My Dad wrote "Top 10" lists for me
Top 10 things overheard when Angels is on the phone:
10. No, Jake!
9. He's ten years younger than me...again!
8. I'm not sure I'm going to like him because I graduated with his mom and she was a brat
7. I'm gonna teach drivers ed so I can get the young guys in my car
6. I like bringing guys around to my political view, but it gets me down when they're too young to vote.
5. My boyufriend can't leave campus at lunch, but he can stay up til 10 o'clock
4. I threw another pencil at Justin. Come to think of it, I throw pencils at all the guys my age.
3. None of my boyfriends have ever filed a tax return but they get pretty good allowances.
2. I like to hang out wiht Christine because she's got the hook-up with the primary guys.
1. It really turns me on when they call me Sister Kirkham
ohh wait...it gets better.
Top 10 things said by Angela on a date:
10. Dont argue with me. you know its safer to sit backwards in your car-seat!
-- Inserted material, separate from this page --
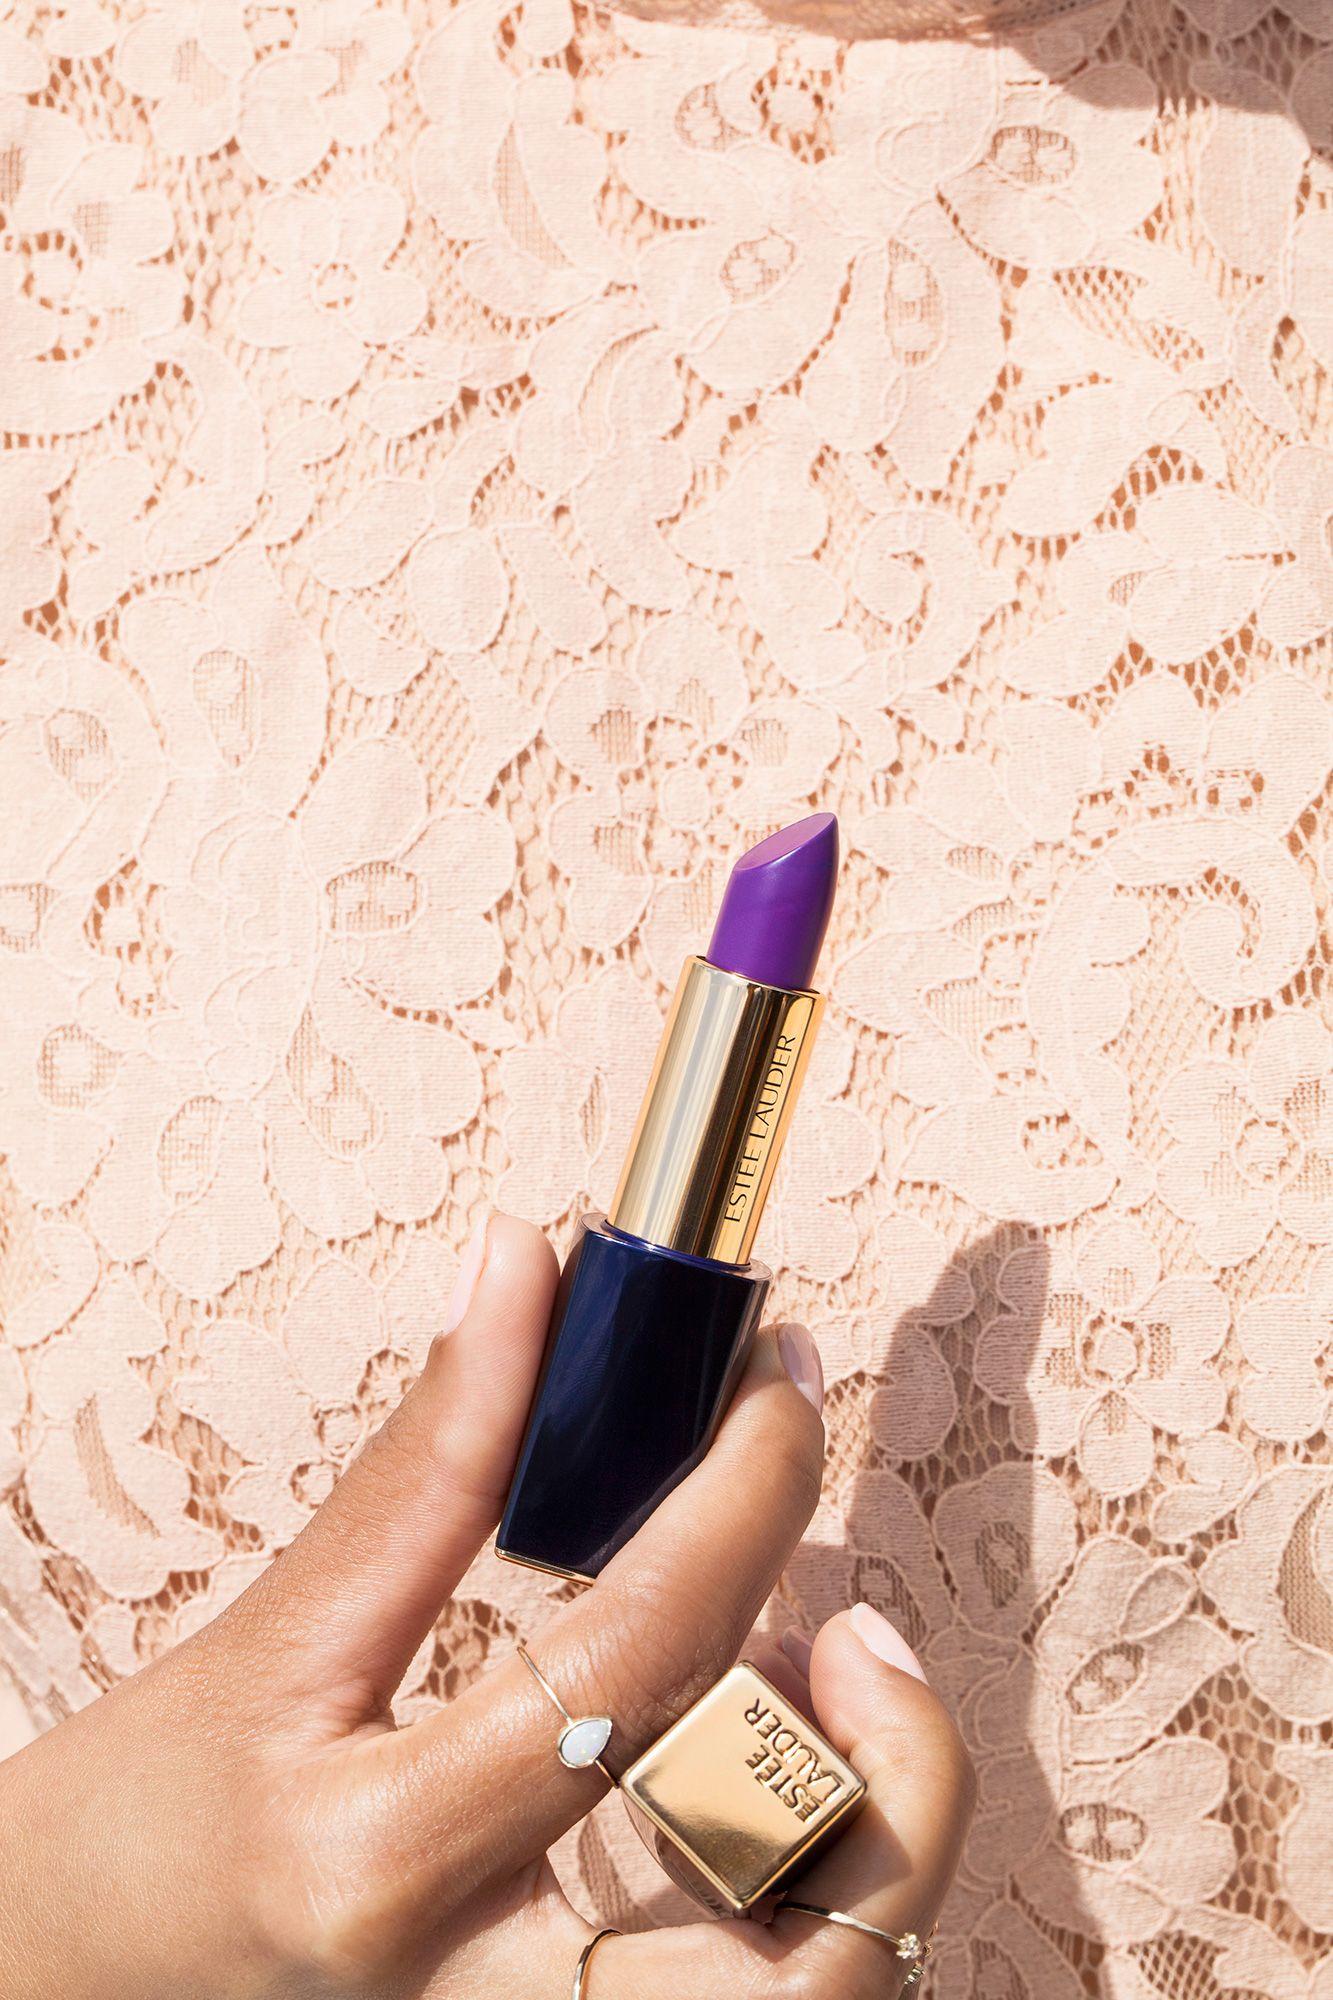 「Estée Lauder Pure Color Envy Matte Lipstick in Shameless Violet」的圖片搜尋結果
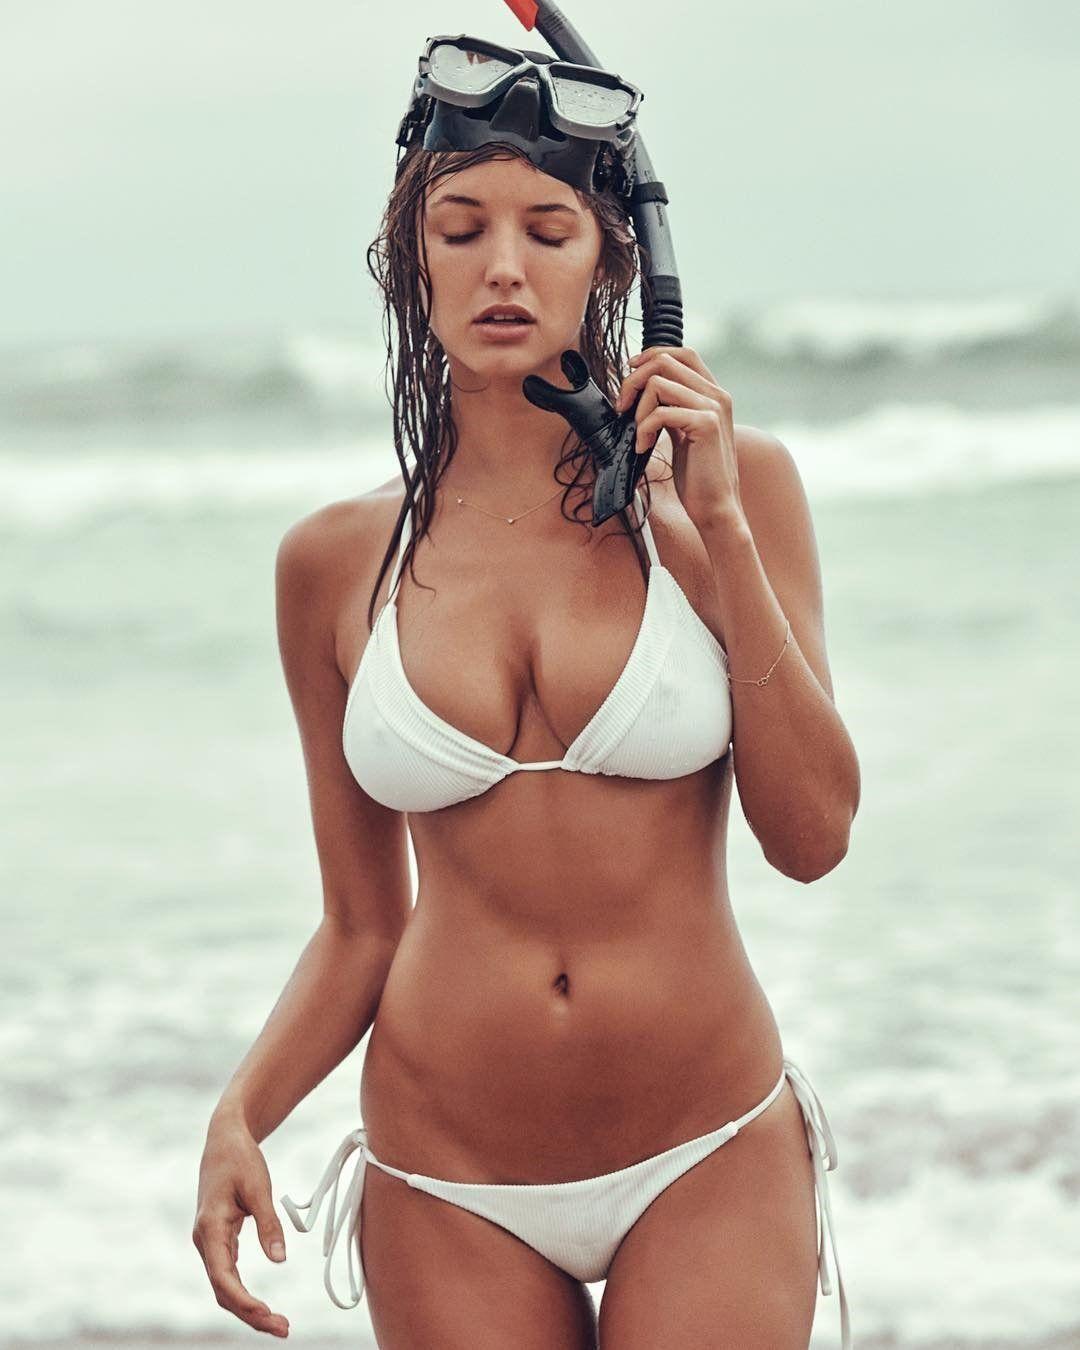 Bikini Alyssa Lee nude photos 2019

9. Wendy's or Sonic is fine with me but either way i'm going to burp you
8. I think 'somebody' needs a nap
7. your long pants make you look like such a big boy
6.I'm going to give you a lollipop fo rnot crying at the barber
5. I'll have the filet mignon and he'll have a Similac
4. thanks for going on a date with me, and yes, i'm sure i'm the Tooth-Fairy
3. If you dont go to prom with me, i'm not giving you that Sponge-Bob Square-Pants lunch box
2. Power Rangers, Power Rangers! Can we just watch Friends?
1. I'm taking you back to Mommy now, because I think I smell a stinky.
haha...yes, very funny. believe me, there's a lot more where this came from. fun at my expense! Pretty accurate though, I have to say.
5 Comments:
dad is so funny. but you know he's right. there was jake reed,jake from hollywood video...juan carlos...man, juan was hot. so young. so willing to be used!
hehe. Angela, Angela...I just love you.
too close to home... why do they all have to be in high school?
i heart justin. you and angela have lots in common. i remember a few times you liked some 18 yr olds...*cough* Kathryn Anderson.
Mind you, just think - you could make money on dates by charging the parents for babysitting!